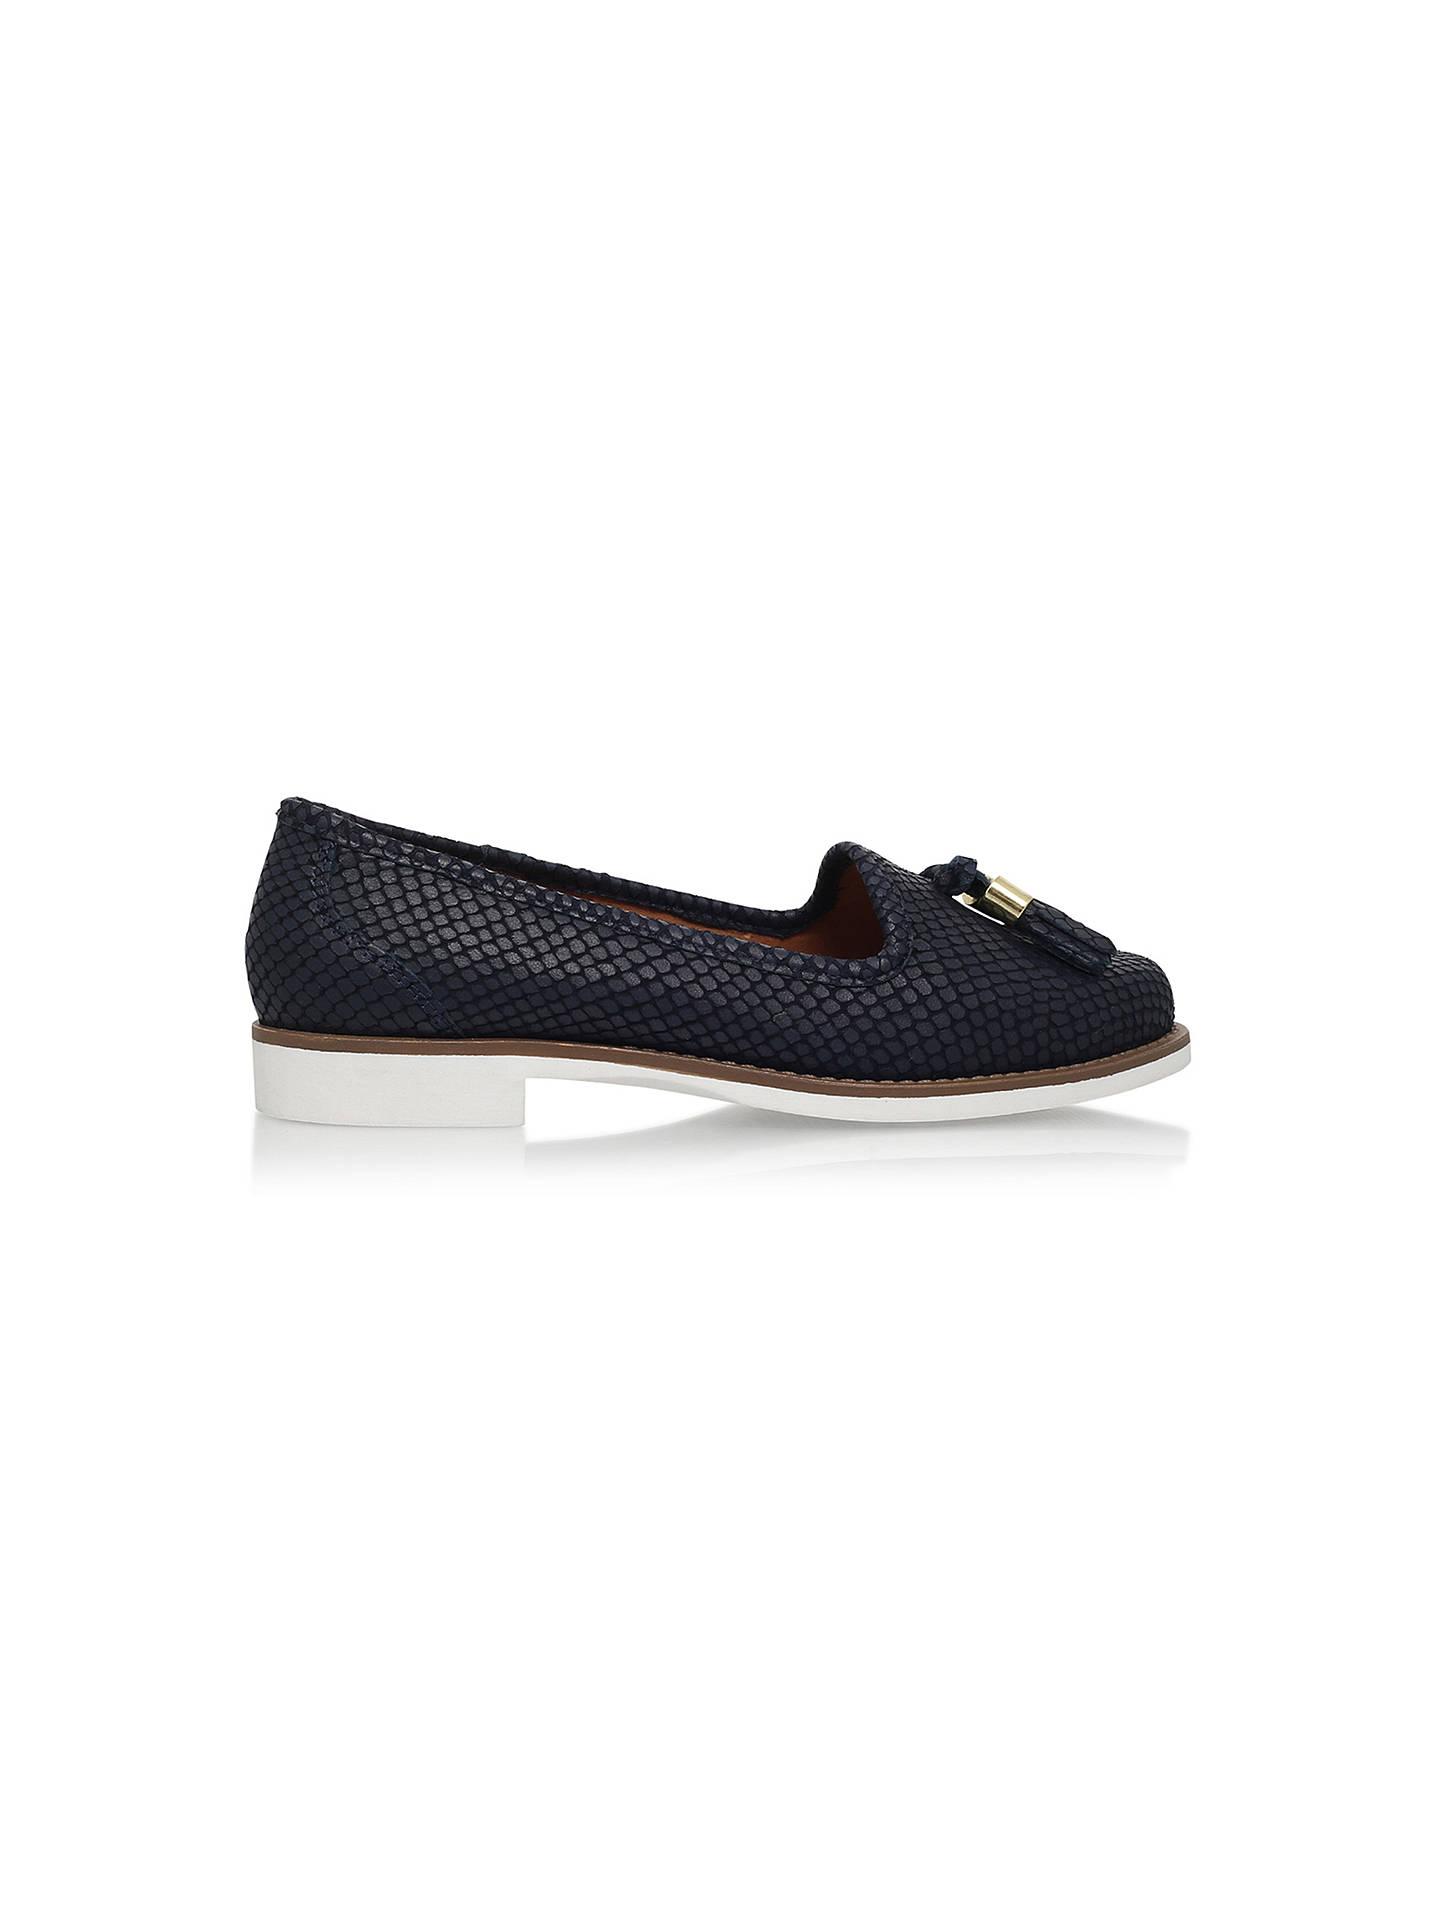 53612db902c Carvela Match Tassel Loafers at John Lewis   Partners
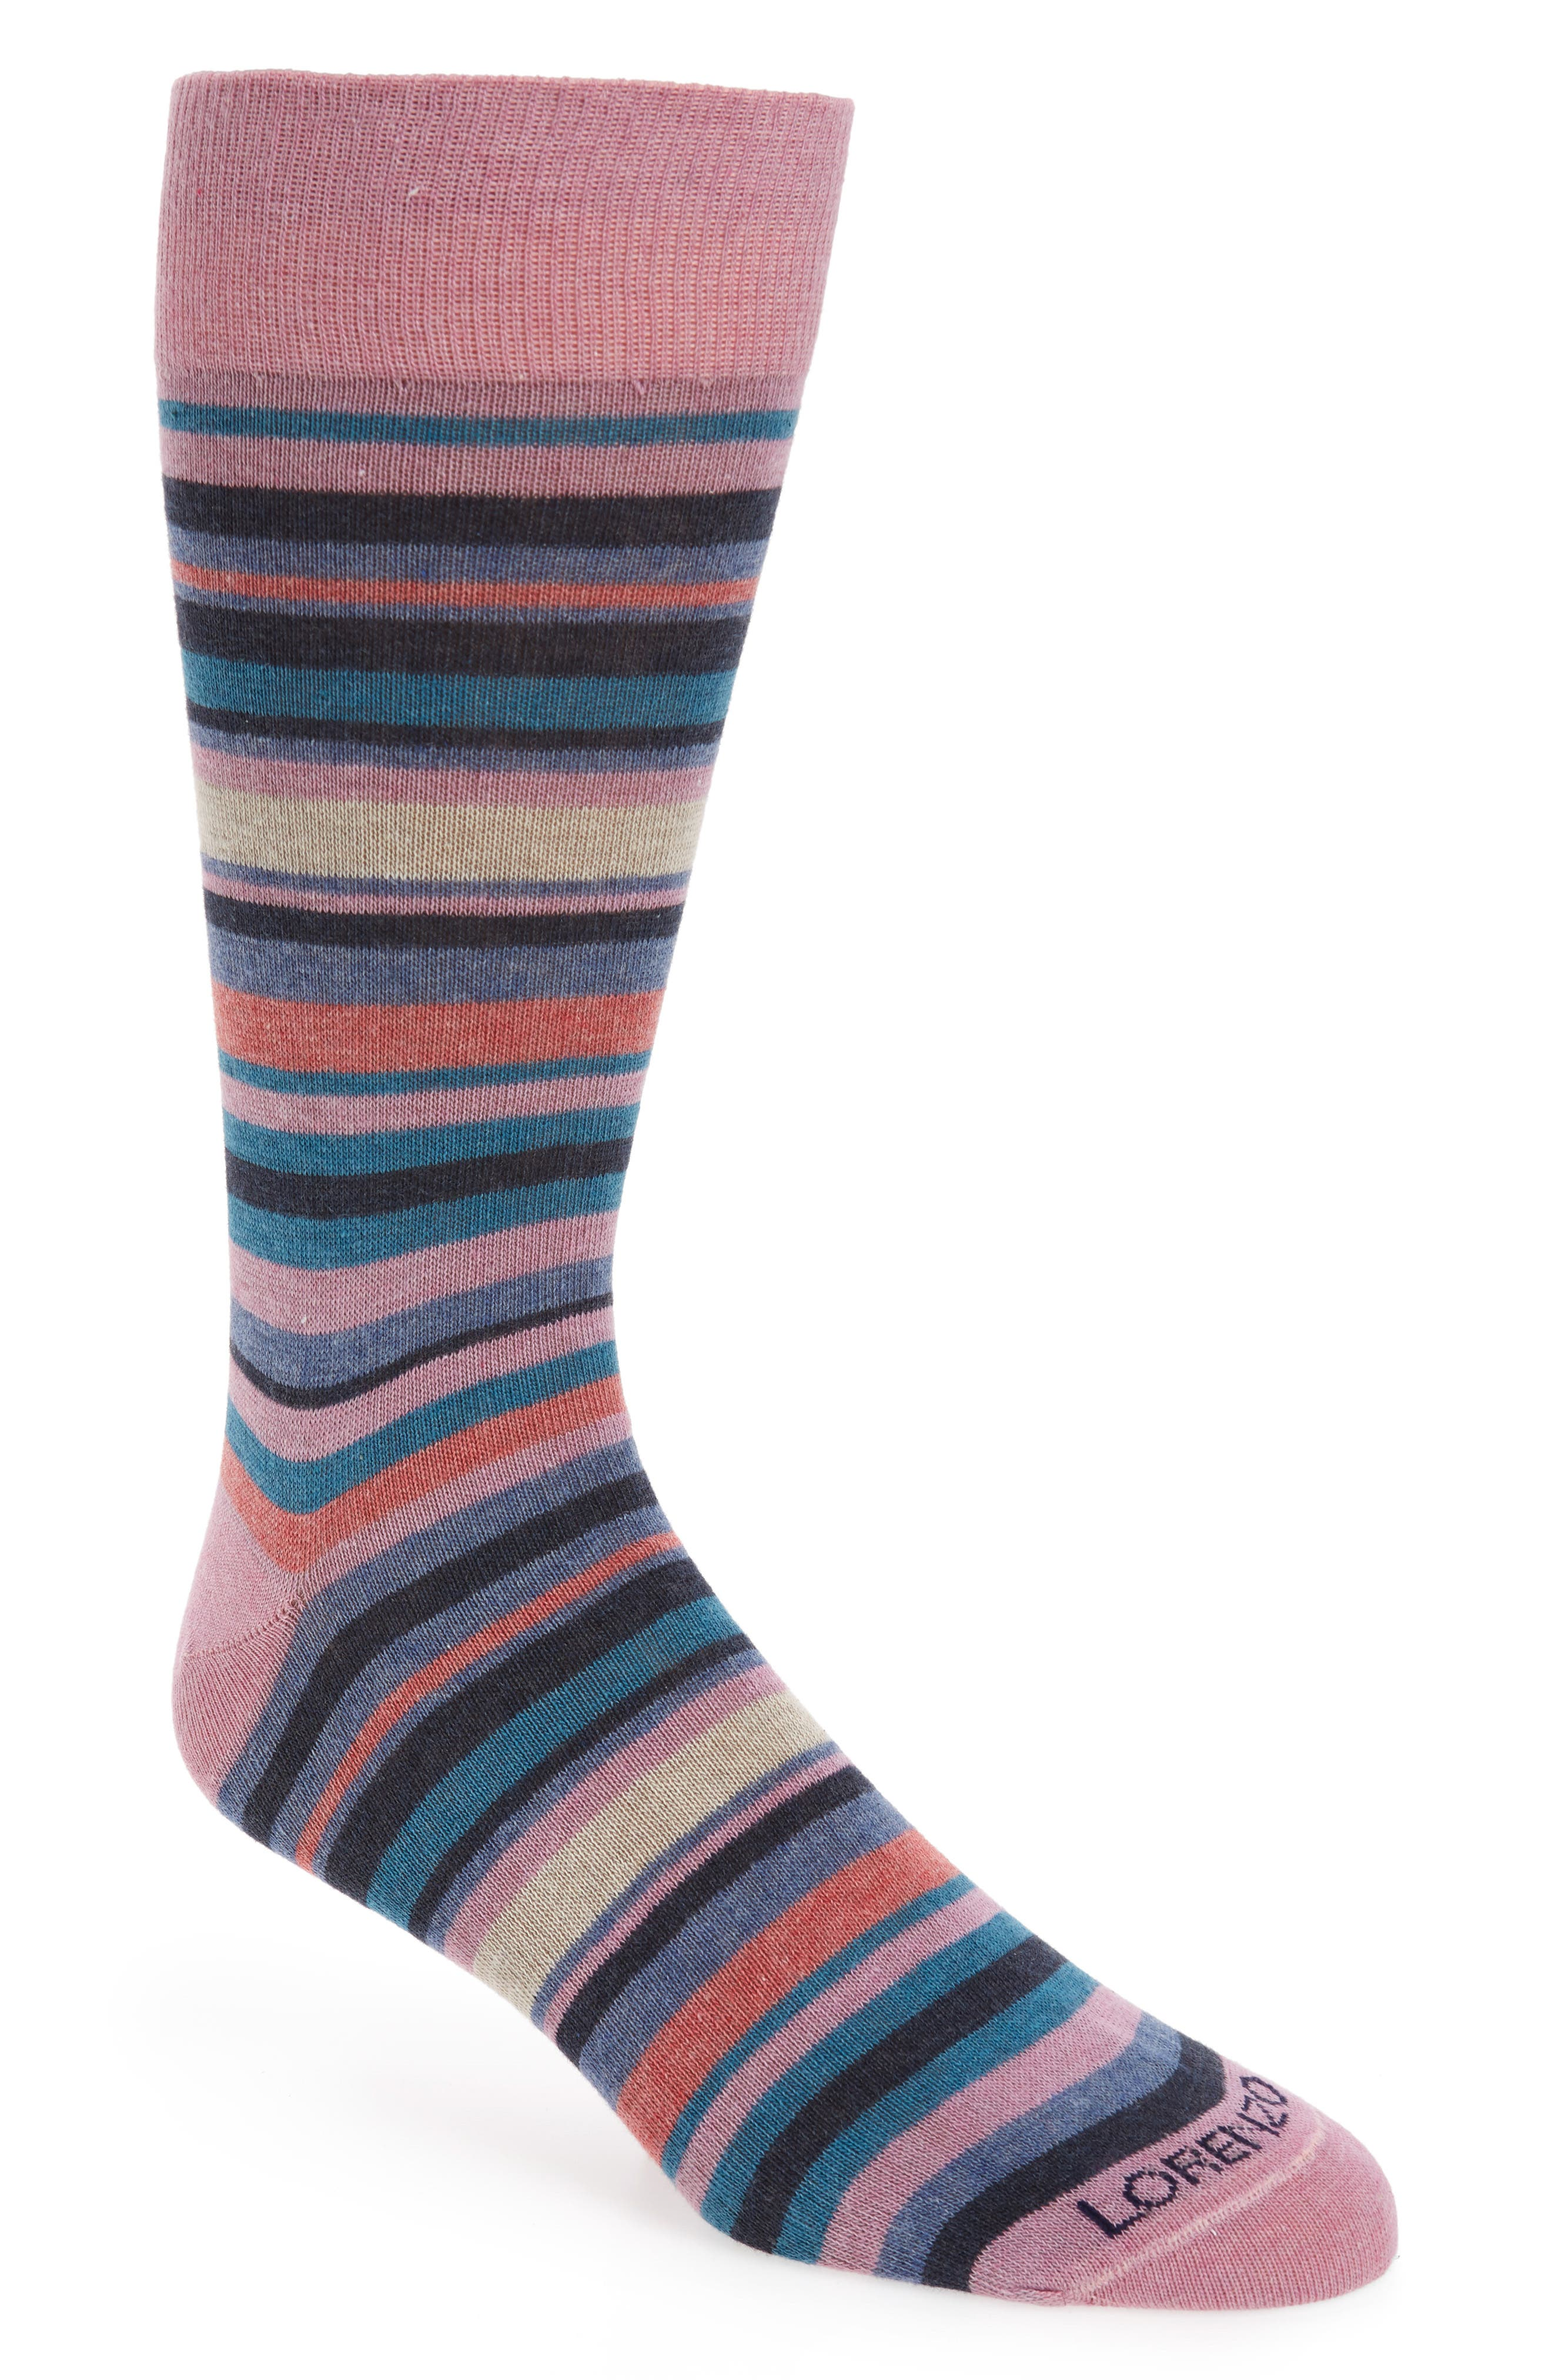 Lorenzo Uomo Stripe Cotton Blend Socks
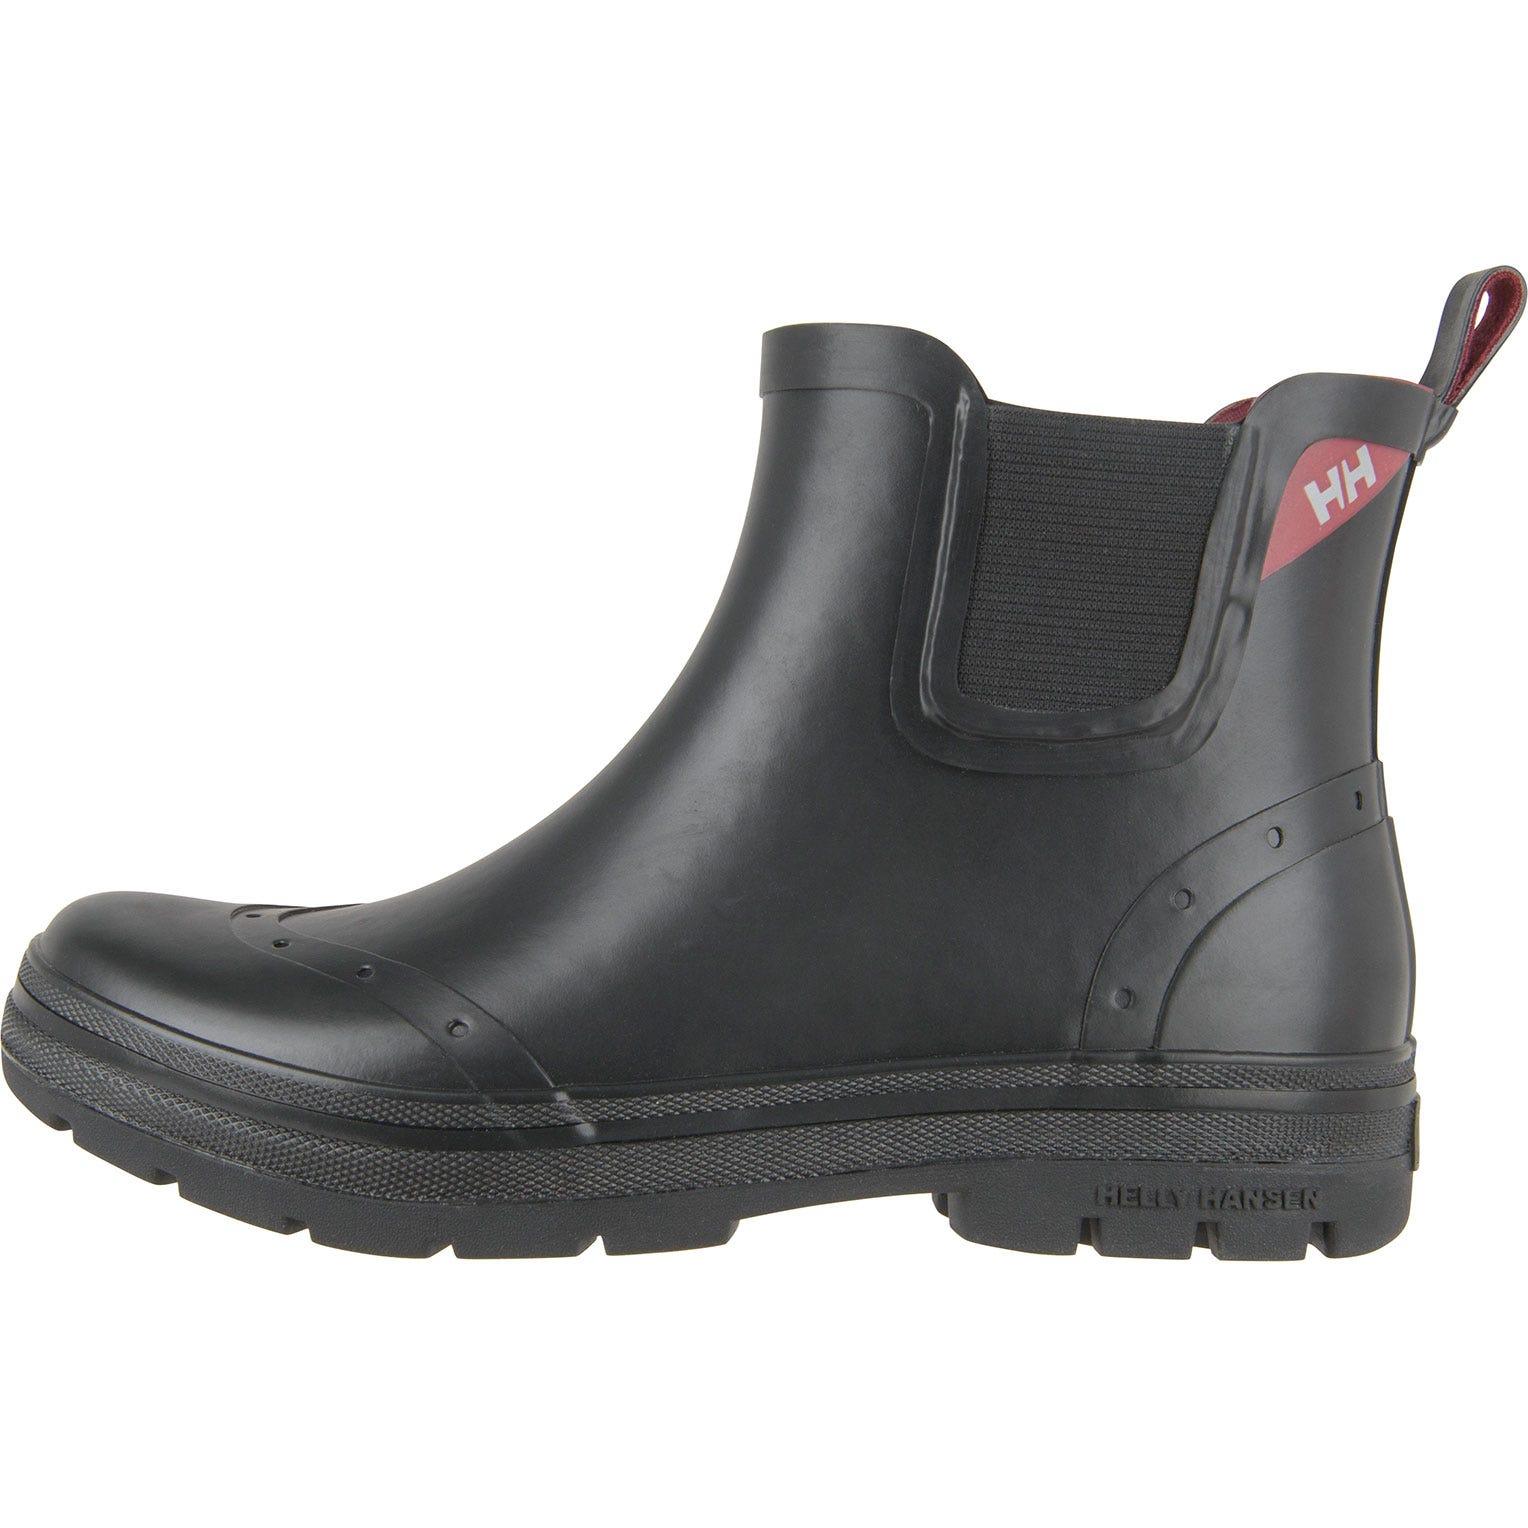 Helly Hansen W Karoline Womens Rubber Boot Black 37/6

- What is being asked -
Where a picture appears in the data, omit it; restate the rest word for word.

- Output below -
 53612db902c Carvela Match Tassel Loafers at John Lewis   Partners
 Lorenzo Uomo Stripe Cotton Blend Socks
 Helly Hansen W Karoline Womens Rubber Boot Black 37/6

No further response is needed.